Il re di Ninive ascoltò il profeta Giona inviato da Dio per risvegliare un popolo ubriaco di se stesso, i Niniviti reagirono e si decretò il pentimento. La misericordia di Dio entrò nel cuore rivelando e manifestando ciò che è la nostra certezza e la nostra speranza: c’è sempre la possibilità di cambiare, siamo in tempo per modificare e cambiare, convertire quello che ci sta distruggendo come popolo e che ci sta degradando come genere umano. Il profeta Giona aiutò a vedere, a prendere coscienza. Subito dopo la sua chiamata trova uomini e donne capaci di pentirsi, capaci di piangere.

Piangere per l’ingiustizia e per l’oppressione. Sono le lacrime che possono aprire la strada al cambiamento; sono le lacrime che possono ammorbidire il cuore, sono le lacrime che possono purificare lo sguardo e aiutare a vedere la spirale di peccato in cui molte volte siamo immersi. Sono le lacrime che possono generare una rottura che ci conduce alla conversione.
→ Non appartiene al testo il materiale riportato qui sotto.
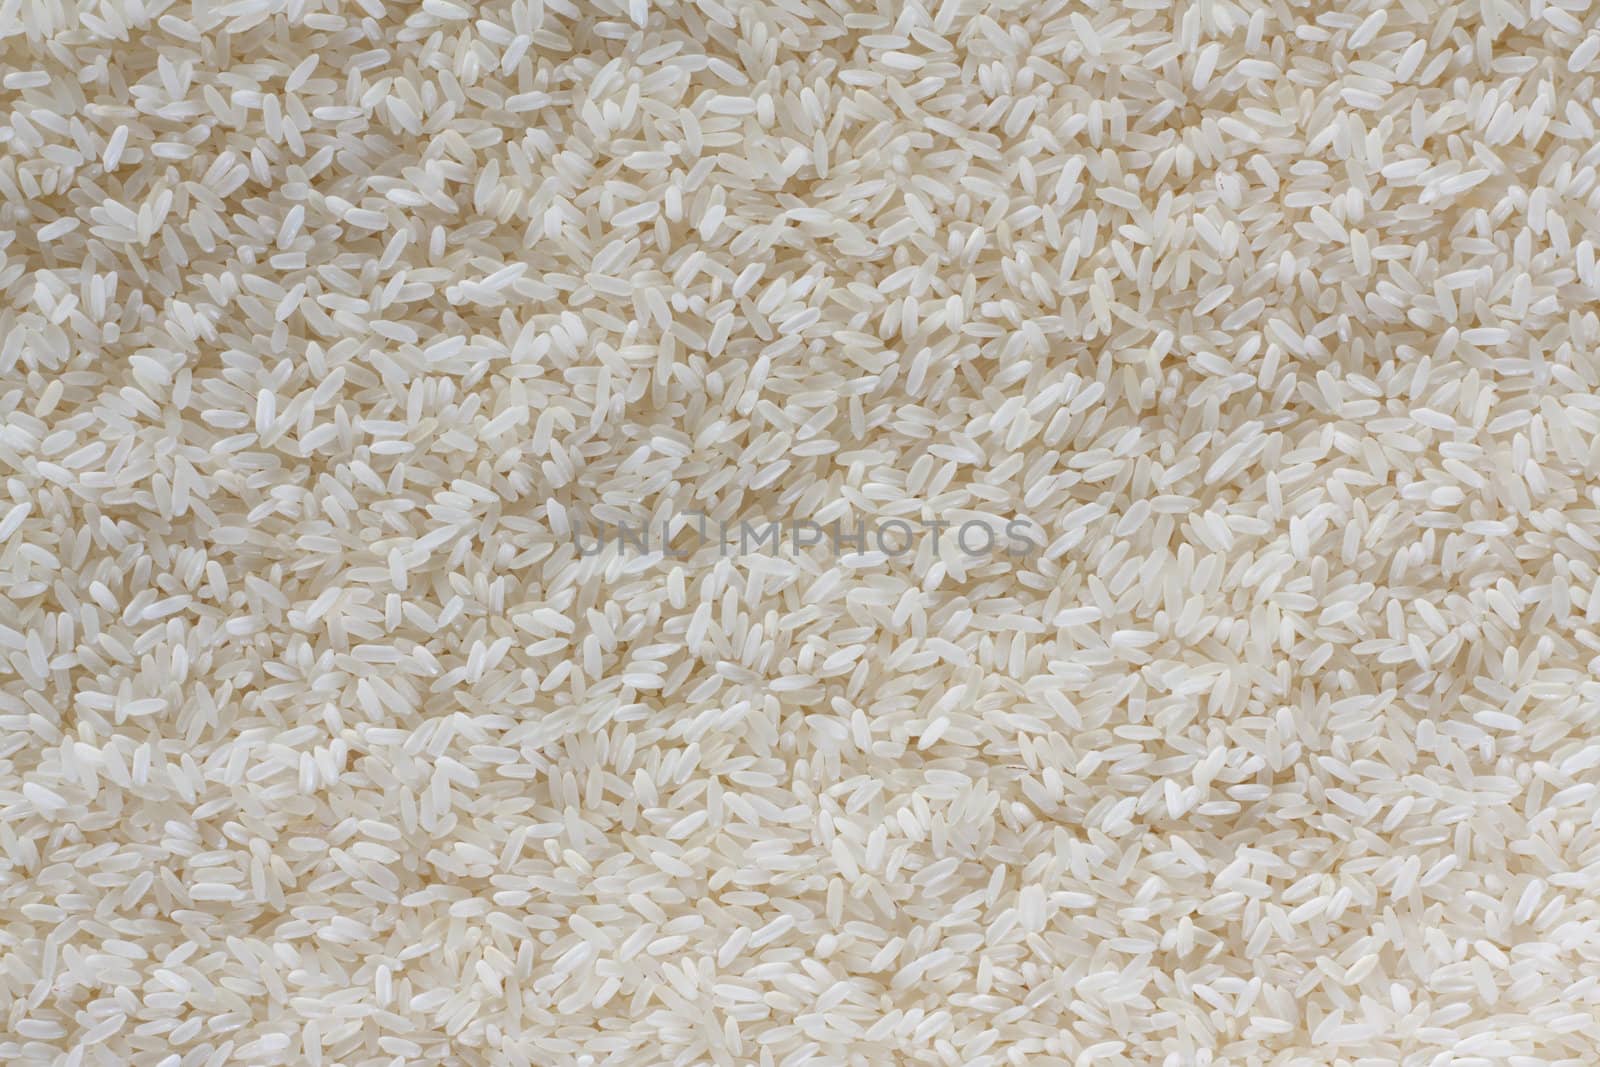 texture of rice closeup

Così accadde a Pietro dopo aver rinnegato Gesù: pianse e le lacrime gli aprirono il cuore. Chiediamo a Dio il dono della conversione, il dono delle lacrime; chiediamogli di poter avere il cuore aperto come i Niniviti al suo appello nel volto sofferente di tanti uomini e di tante donne.

Mai più morte e sfruttamento! C’è sempre una via di uscita e c’è sempre un’opportunità, c’è sempre tempo per implorare la misericordia del Padre. Come avvenne al tempo di Giona anche oggi scommettiamo sulla conversione; ci sono segni che diventano luce nel cammino e un annuncio di salvezza. Ricordiamoci del Salmo 51, «Per la tua immensa compassione e misericordia, Signore, abbi pietà di noi… purificaci dai nostri peccati e crea in noi un cuore puro, uno spirito puro».